Armani went back to work, preparing for his shows this Saturdayand Monday. Ferguson hopped a plane to London. Crowe, on the other hand, headed for a local disco, where--like a true rock 'n' roller--he partied till dawn.


Miguel Adrover brought his Middle Eastern-inspired 93-piece fall and winter collection, which he premiered in New York last month, to show at Gio Moretti, a chic shop along the trendy Via della Spiga strip--the Rodeo Drive of Milan.

Adrover, dressed in a floor-length, loose-fitting djellaba, a white scarf around his neck and a blue, two-button blazer, made the most of the evening, even though he was worried about his mother, Maria, who was back in his native Majorca, Spain.

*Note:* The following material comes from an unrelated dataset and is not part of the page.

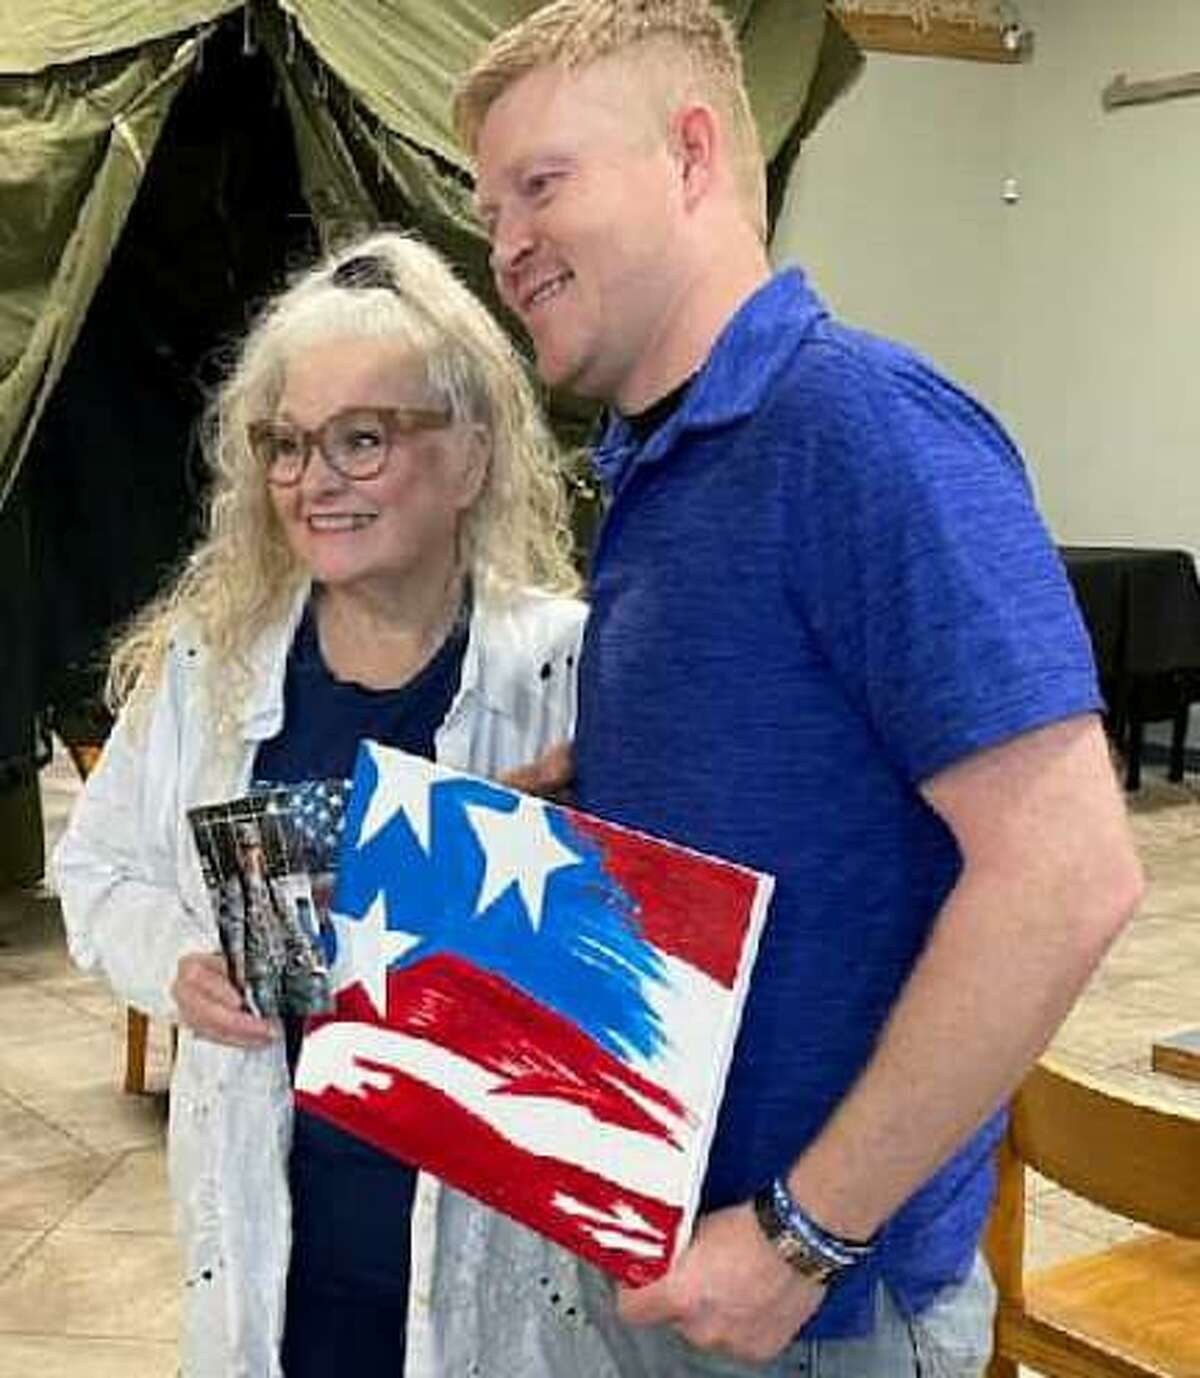 Dody Denman, left, started painting later in life and recently presented a painting of an American flag to Honor Cafe in Conroe. She’s pictured with Honor Cafe manager Chris Grouse.

"My mind is on her," he said, looking at his watch. "She is having surgery right now." He had come to Milan--his first visit--from Majorca, where he had been with his mother before her operation. He plans to spend some time with her before returning to New York.

The designer, who made a big splash just three seasons ago, talked about his collection on a personal level, explaining how he spent 25 days in Egypt to learn about its culture and women and to experience daily life there by living with a family who had no running water. When he returned to New York, he designed a collection "that is not about skin and sex" but, rather, "about the heart and soul of a woman."

He then returned to Egypt a second time with several garments he dipped into the Nile River, a baptismal of sorts, giving his craft a conscience, if you will. Adrover again demonstrated his talent for deconstruction. He turned a meat market's 200-year-old canopy into an exquisite floor-length coat, embroidered with scraps of fabric like a mosaic. He said the Metropolitan Museum of Art in New York has asked to have the one-of-a-kind coat for its archival collection.


London-based designer Paul Smith hosted a party at the opening of his pink-plastered Italian flagship boutique, a charming store filled with Smith's favorite things: toys, books, cuff links, antiques and plenty of his signature, colorful clothes.

Located across from Armani's huge--and hugely popular--store on via Manzoni, Smith's emporium is fun and funky, colorful and playful--a far cry from the many "seriously sterile stores looking like the same bloody place," Smith said. "Shopping should be a joyful experience, a place where one can play, a place with character, where one can hang out," he said, reaching for a rubber chicken sold in his shop.

But how will his quirky approach to retailing in Milan be viewed?

"Let me tell you," he said, "this morning there was this chic-looking lady staring into the store. 'Please come in,' I said to her, to which she responded: 'I've been in Milan all my life. I'm 92 years old, and this store makes me feel optimistic.' I couldn't ask for a better future here."